Politecnico di Milano, Department of Electronics, Information and Bioengineering, Milano, 20133, Italy.
Politecnico di Milano, Department of Electronics, Information and Bioengineering, Milano, 20133, Italy.
Comput Methods Programs Biomed. 2024 Feb;244:107937. doi: 10.1016/j.cmpb.2023.107937. Epub 2023 Nov 22.
Safety of robotic surgery can be enhanced through augmented vision or artificial constraints to the robotl motion, and intra-operative depth estimation is the cornerstone of these applications because it provides precise position information of surgical scenes in 3D space. High-quality depth estimation of endoscopic scenes has been a valuable issue, and the development of deep learning provides more possibility and potential to address this issue.

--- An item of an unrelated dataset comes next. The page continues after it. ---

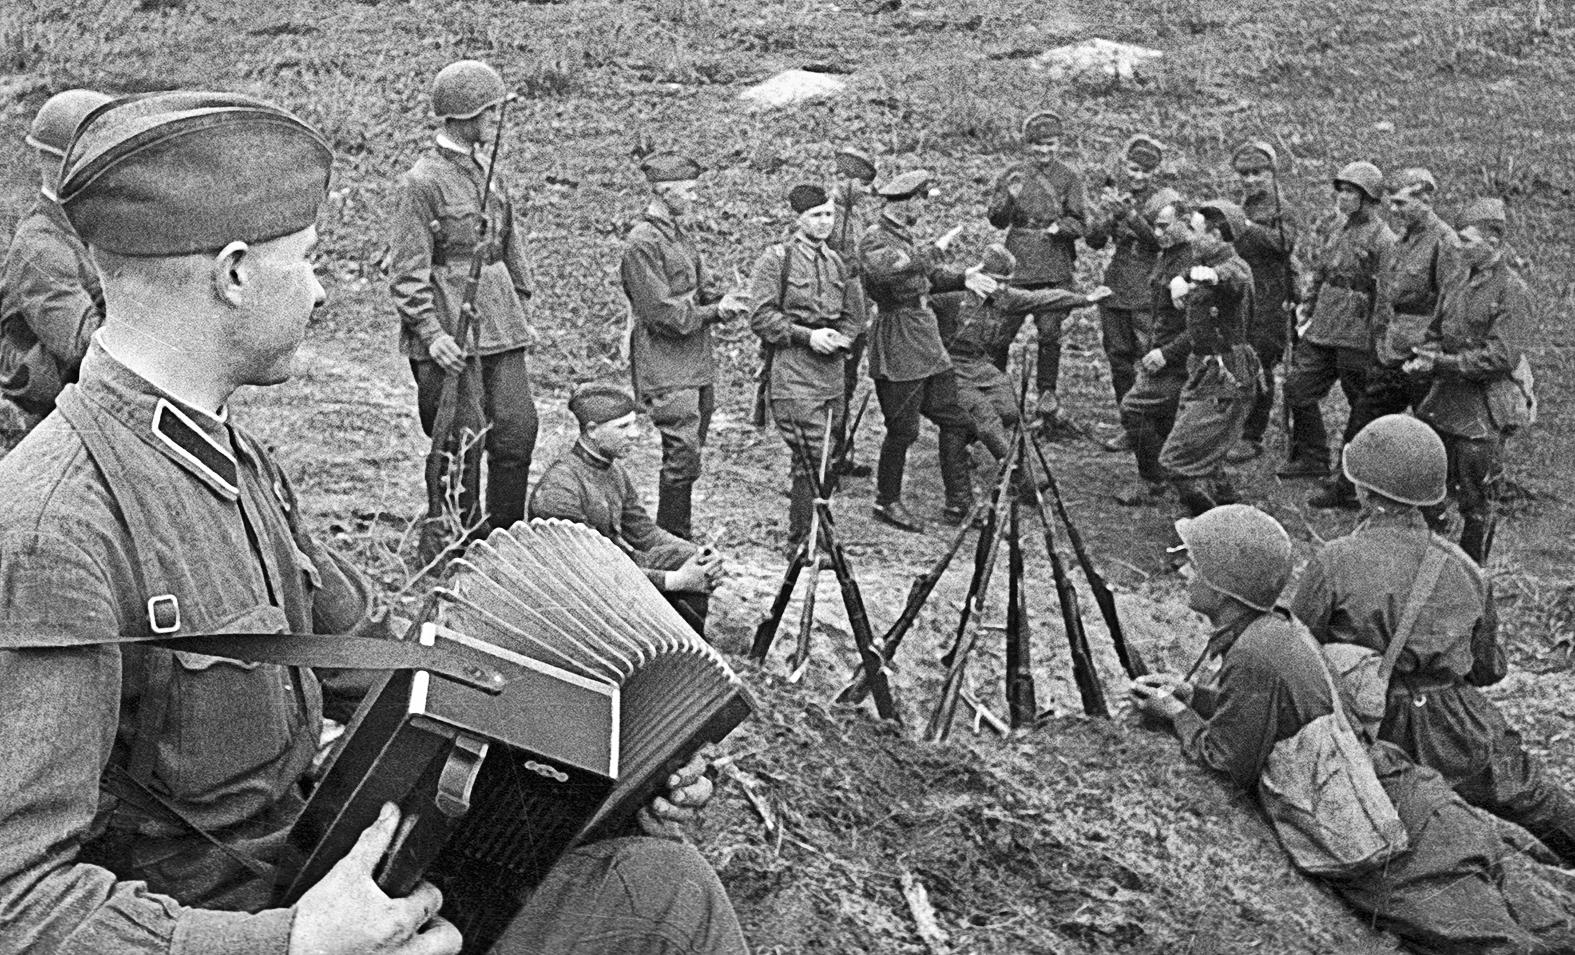 Szovjet katonák énekelnek és táncolnak a II. világháború idején #moszkvater

In this paper, a deep learning-based approach is proposed to recover 3D information of intra-operative scenes. To this aim, a fully 3D encoder-decoder network integrating spatio-temporal layers is designed, and it adopts hierarchical prediction and progressive learning to enhance prediction accuracy and shorten training time.
Our network gets the depth estimation accuracy of MAE 2.55±1.51 (mm) and RMSE 5.23±1.40 (mm) using 8 surgical videos with a resolution of 1280×1024, which performs better compared with six other state-of-the-art methods that were trained on the same data.
Our network can implement a promising depth estimation performance in intra-operative scenes using stereo images, allowing the integration in robot-assisted surgery to enhance safety.
通过增强视觉或对机器人运动施加人为限制,可以提高机器人手术的安全性,术中深度估计是这些应用的基础,因为它提供了三维空间中手术场景的精确位置信息。高质量的内窥镜场景深度估计一直是一个有价值的问题,深度学习的发展为解决这个问题提供了更多的可能性和潜力。
本文提出了一种基于深度学习的方法来恢复手术场景中的三维信息。为此,设计了一个完全的 3D 编解码器网络,集成了时空层,它采用分层预测和渐进式学习来提高预测精度和缩短训练时间。
我们的网络使用分辨率为 1280×1024 的 8 个手术视频,得到 MAE 为 2.55±1.51(mm)和 RMSE 为 5.23±1.40(mm)的深度估计精度,与在相同数据上训练的其他 6 种最先进的方法相比,表现更好。
我们的网络可以使用立体图像实现术中场景有前景的深度估计性能,允许集成到机器人辅助手术中以提高安全性。